Well over eight feet long, the sleek, fat diamondback lay torpid on a large, flat rock. Drowsed by the lowering sun, the serpent only vaguely felt pangs of hunger. It had killed and eaten a jackrabbit three days ago. Now the time had come to hunt and feed again. So innervated had the viper become from the late afternoon sun that it only sporadically employed its early warning system. After a long two minutes, the forked tongue flicked out, sensing the vibrations and flavors of its surroundings. Then it flicked out again, the creature suddenly alert.

So silently did Smoke Jensen move that the rattlesnake did not sense his approach until the man nearly came into sight.
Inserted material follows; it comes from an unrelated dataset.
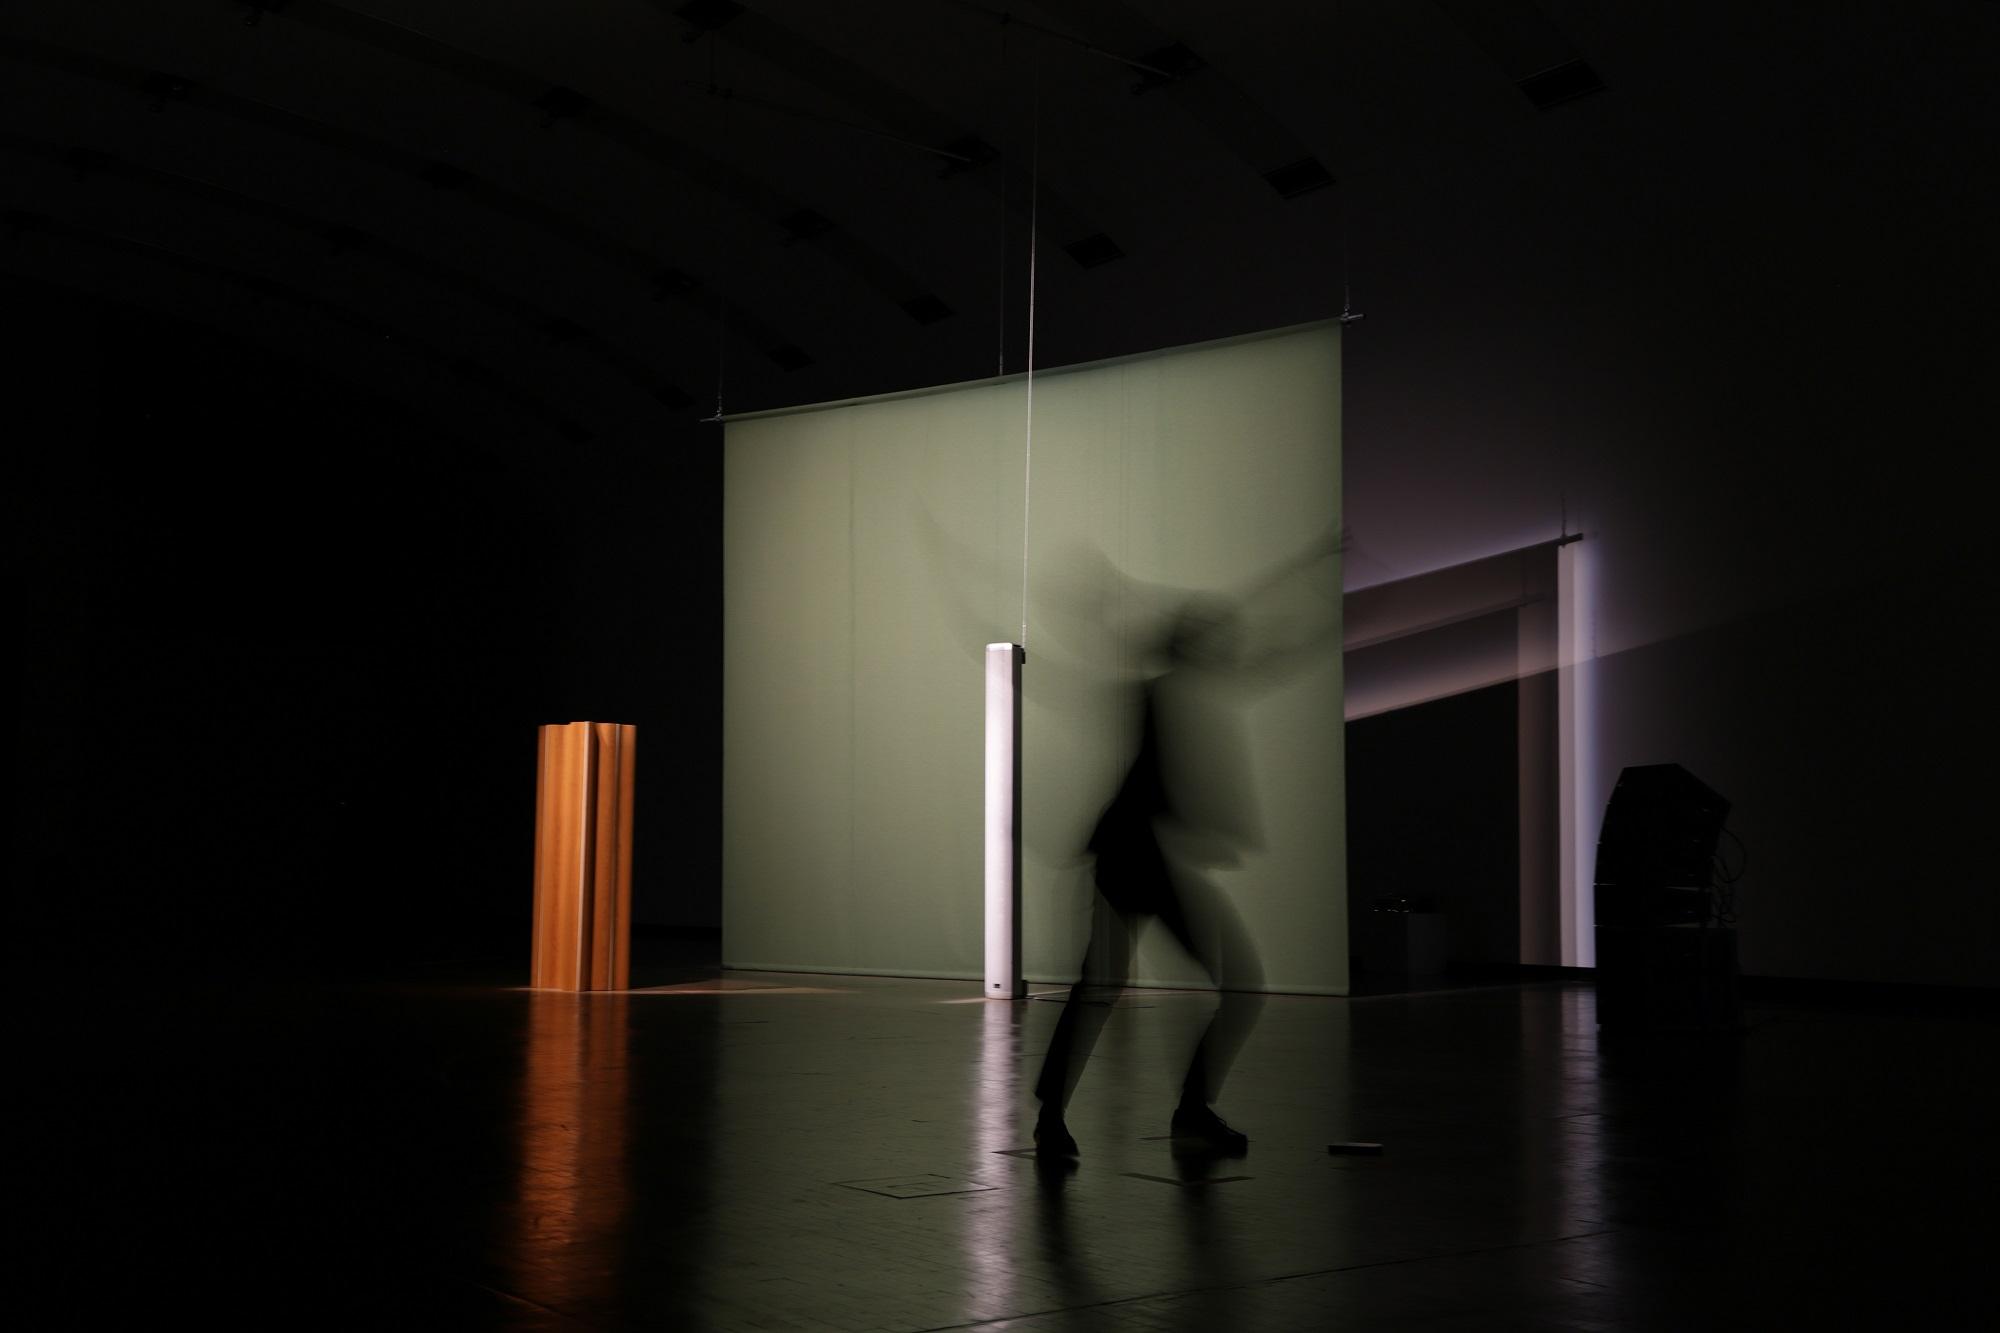 """2018 Kunsthalle Wien """"Workshop im Loop"""" / WS-Leitung und Performance zu Florian Hecker """"Halluzination, Perspektive, Synthese""""/ MAE-Studiengang der MUK Privatuniversität der Stadt Wien"""
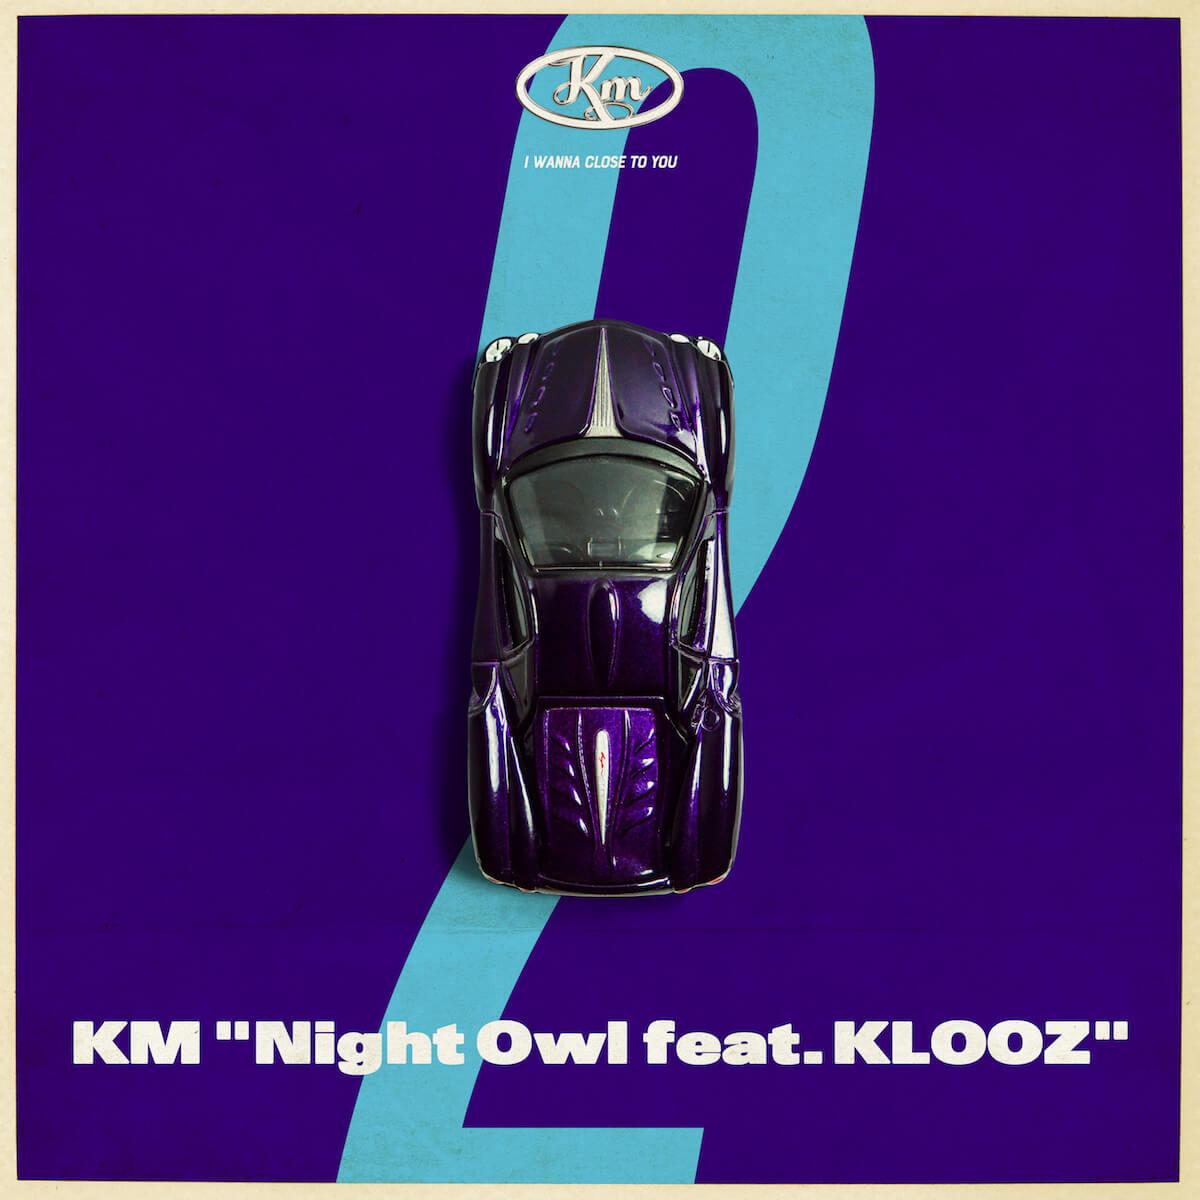 kiLLa、BAD HOP、KANDYTOWNら手がけるプロデューサーKMが1stアルバムをリリース music180809-kmmusic-3

Lethargically, the viper roused itself and began to coil for a strike at what seemed a huge food source. Ancient instincts stirred, and it completed its spiral with renewed alacrity. The upper third of its body arched into the air; the snake swayed backward, prepared to strike.
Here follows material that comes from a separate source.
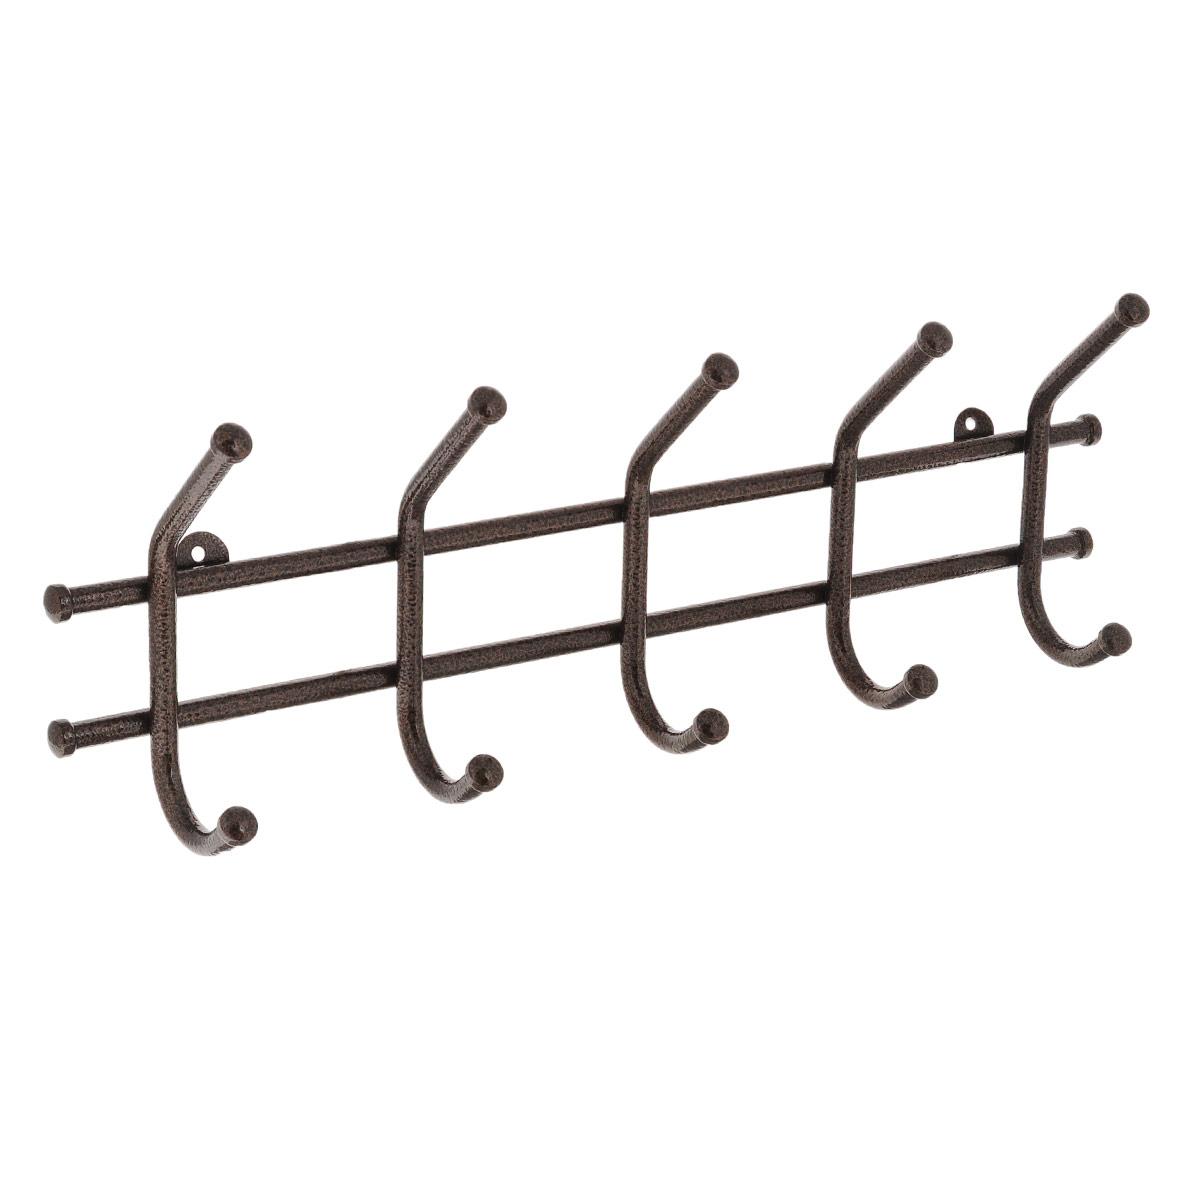 Вешалка настенная ЗМИ Норма 5, 5 крючковU210DFМеталлическая вешалка с полимерным покрытием ЗМИ Норма 5 имеет пять крючков для одежды. Крепится к стене при помощи двух шурупов (не входят в комплект).Вешалка ЗМИ Норма 5 идеально подходит для маленьких прихожих и ограниченных пространств.

That was when Smoke Jensen saw it. Despite the debilitating effects of no food and little water, a man of Smoke's prowess and speed had ample time to unlimber his right-hand Colt and blow the triangular head off the viper as it arched toward him. Deprived of command, the huge body writhed and twisted across the ground.

Instinct caused it to try to recoil, but the necessary command center no longer existed, and it all but tied itself in knots. Smoke stood well clear while the reptile's violent motions slowed, his .45 Peacemaker ready. He well knew that prairie rattlers like this one frequently traveled in mated pairs. A bull this size was sure to have a harem.
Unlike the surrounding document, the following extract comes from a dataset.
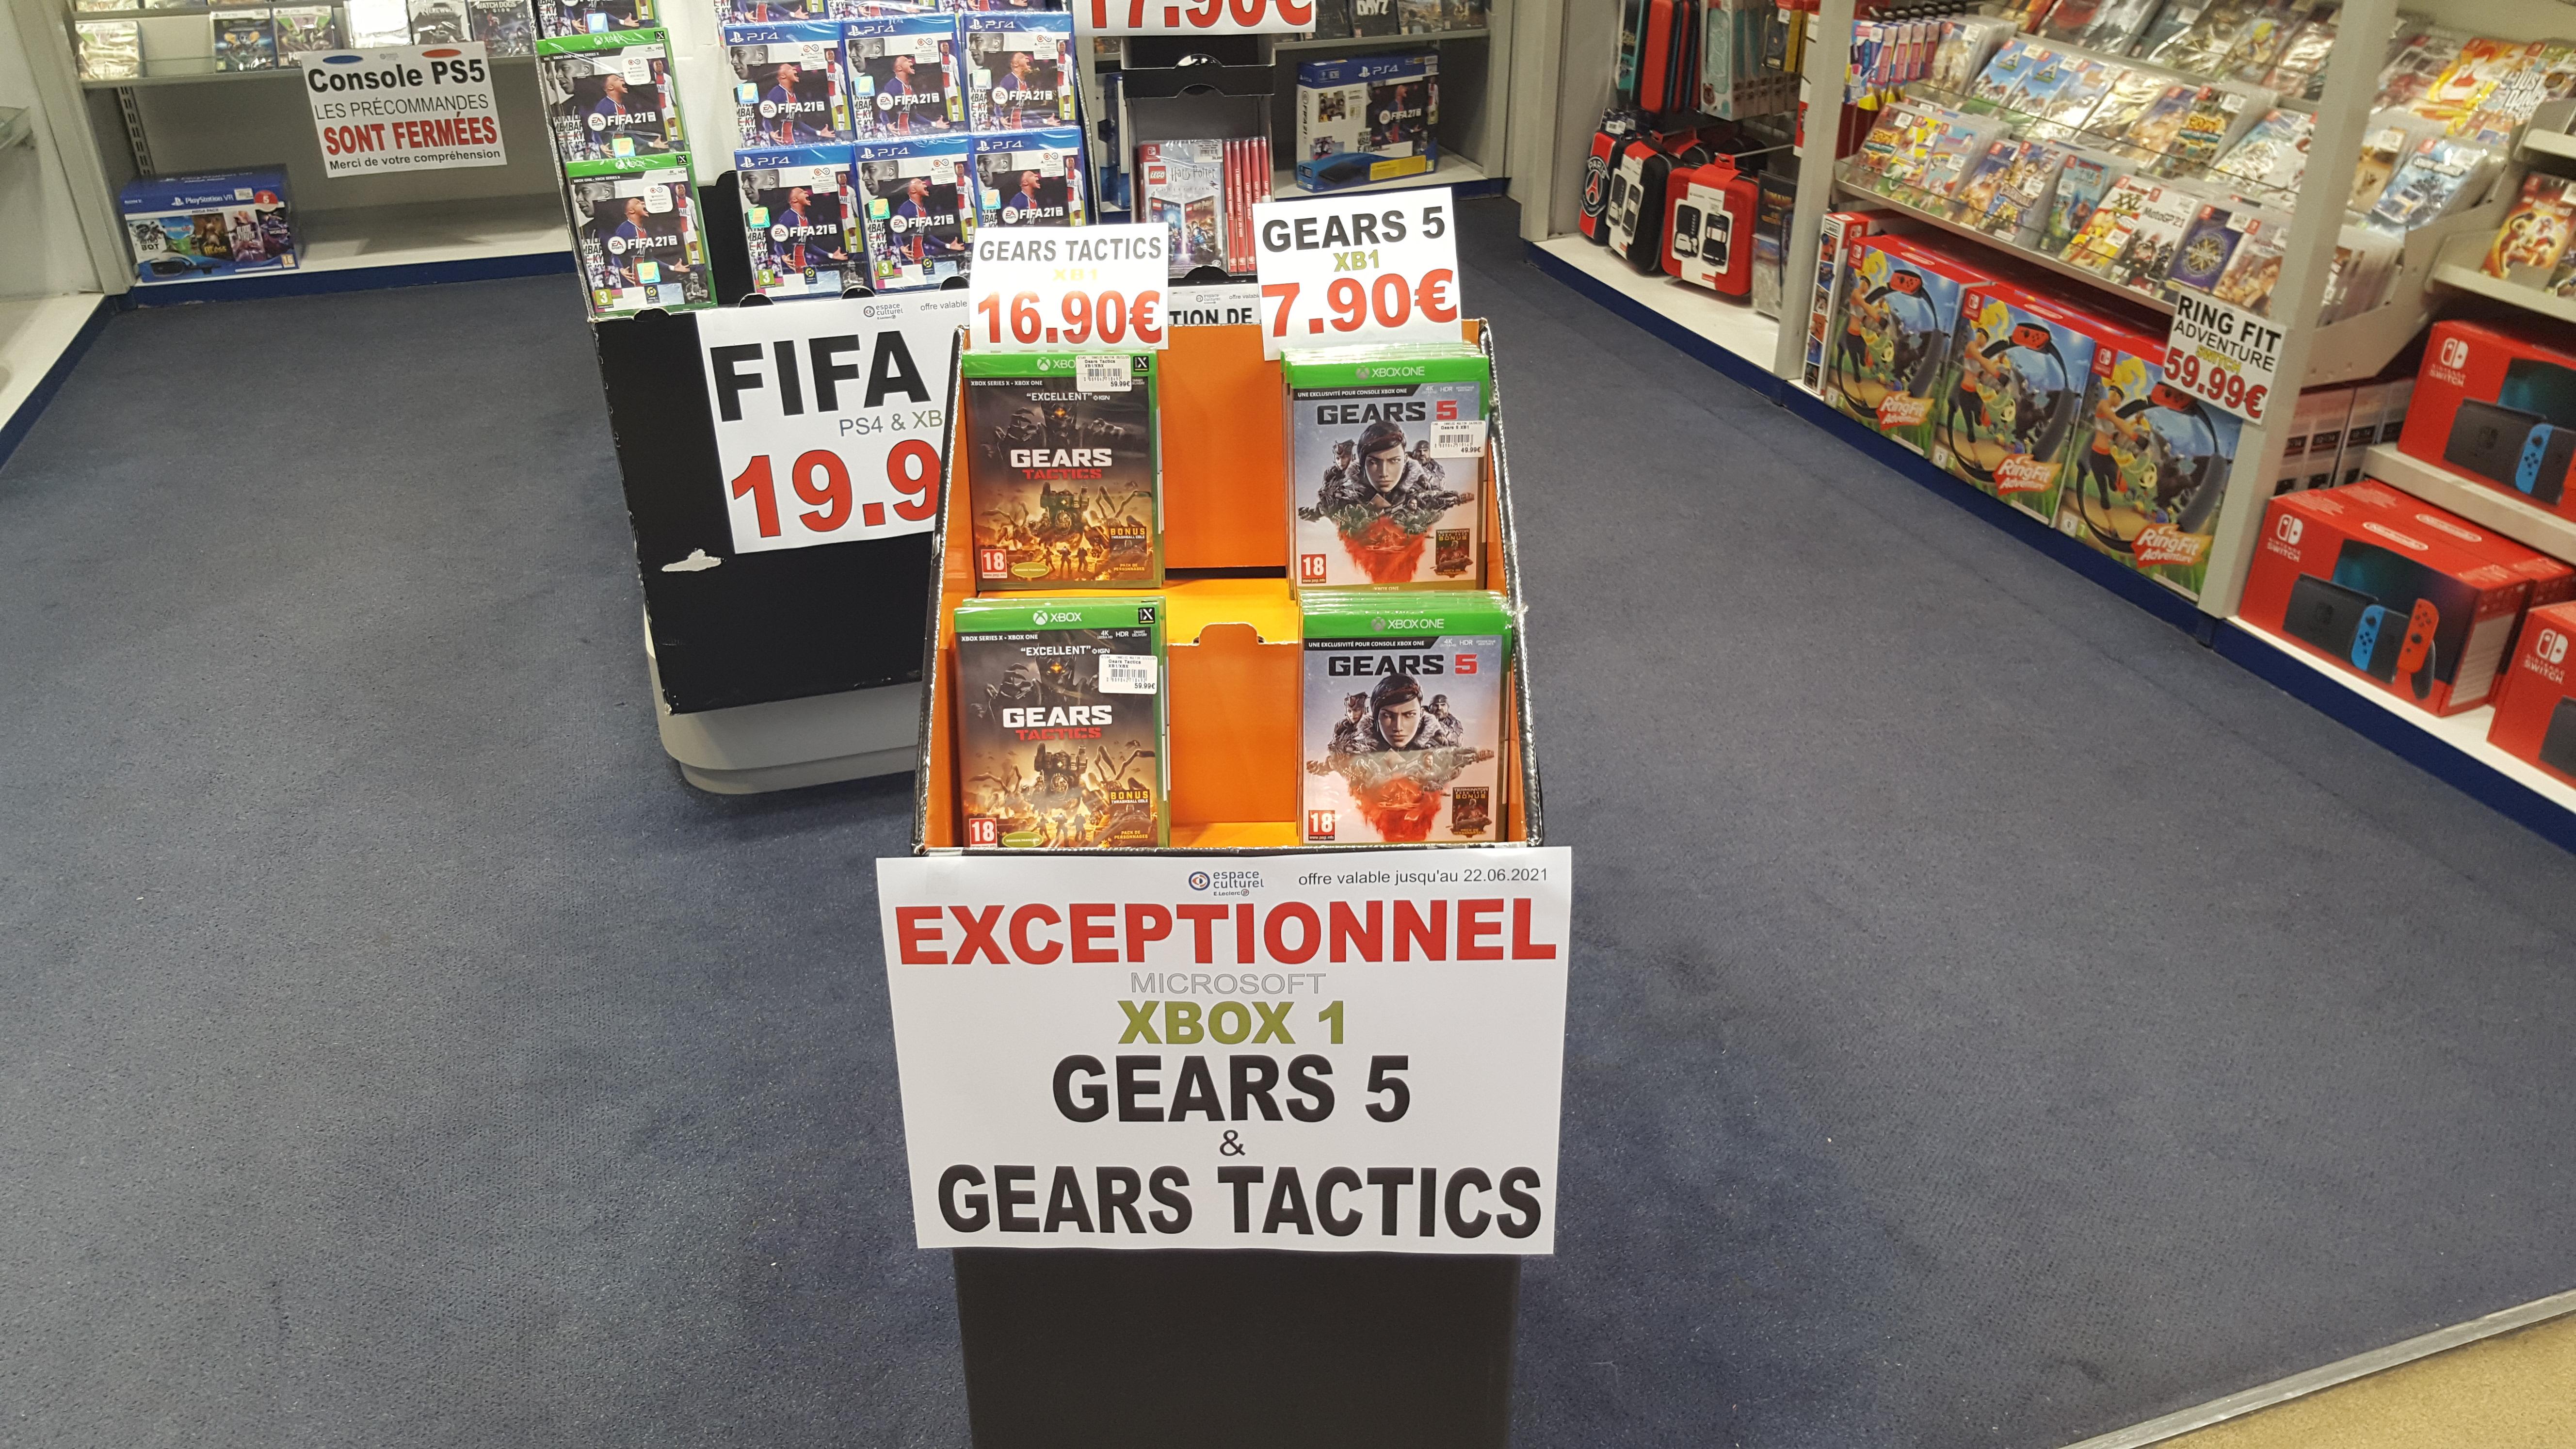 Sélection de jeux en promotion - Ex : Gears 5 sur Xbox One - Maizieres-lès-Metz (57)

When the creature's spasms reduced to an occasional twitch, he grabbed the body below the rattles and held it at shoulder height while he walked quickly to a stunted oak that rode the top of a low knob. Using a fringe thong from his shirt, Smoke tied the snake upside down from a low limb. Expertly applying his Greenriver sheath knife, he slit the skin from neck to rattles, peeled it back, then opened the pinky white body from severed end to its bung. He used his boot heel to dig a small hole to dispose of the guts, then washed the meat with a little of his dwindling water supply. With that accomplished, he looked all around, scanning the horizon for any human presence besides himself.

Satisfied that he was alone, he made a fire ring, gathered dead fall from the oak and kindled it to life from a tinder box he habitually carried. When the blaze took, he fed it twigs until a decent bed of coals appeared. Nearly smokeless, the fire under the spreading limbs of the oak gave off no telltale column of smoke. After threading the snake on a green branch he had cut, Smoke Jensen placed it over the fire. He wished for salt, then banished the desire. While his meat cooked, he located a chokecherry bush and stripped it of a handful of berries.

He would crush these and rub them into the meat while it roasted. The bitter-sweet tang of the fruit would make a fair substitute for salt. When all had been accomplished, he feasted ravenously of the whole body, buried his fire, and made ready to leave. He had a lot of distance to cover before dark.

 

 

Smoke Jensen's lean, muscular figure cast a long shadow to his right when he saw the dust cloud ahead. He had caught up to the herd. He grew more cautious. Deserting the trail, Smoke bent low and drifted through the tall buffalo grass, skirted sage and hawthorn, and advanced obliquely on the rustlers. When the drag riders came into view, Smoke sank down and disappeared in the waving sea of grass. A quarter hour had gone by when he heard a faint “halloo” from far ahead. Those in the lead were halting the herd for the night. Smoke would wait until dusk to move again.

When the last thin, orange crescent sank in the west and only the afterglow fought against the encroachment of night, Smoke Jensen left his hiding place and made a circuit of the herd. It took him five minutes shy of an hour to complete the journey. He made careful note of the location of herd guards and, most importantly, their degree of alertness. While he ghosted from rock to tree to underbrush, Smoke concentrated on what choices he had. Looming large in his considerations was his need to know exactly how many men occupied the night camp. He would have to pay them a visit soon, but in order for that to happen, these outer guards would have to be drowsy and distracted.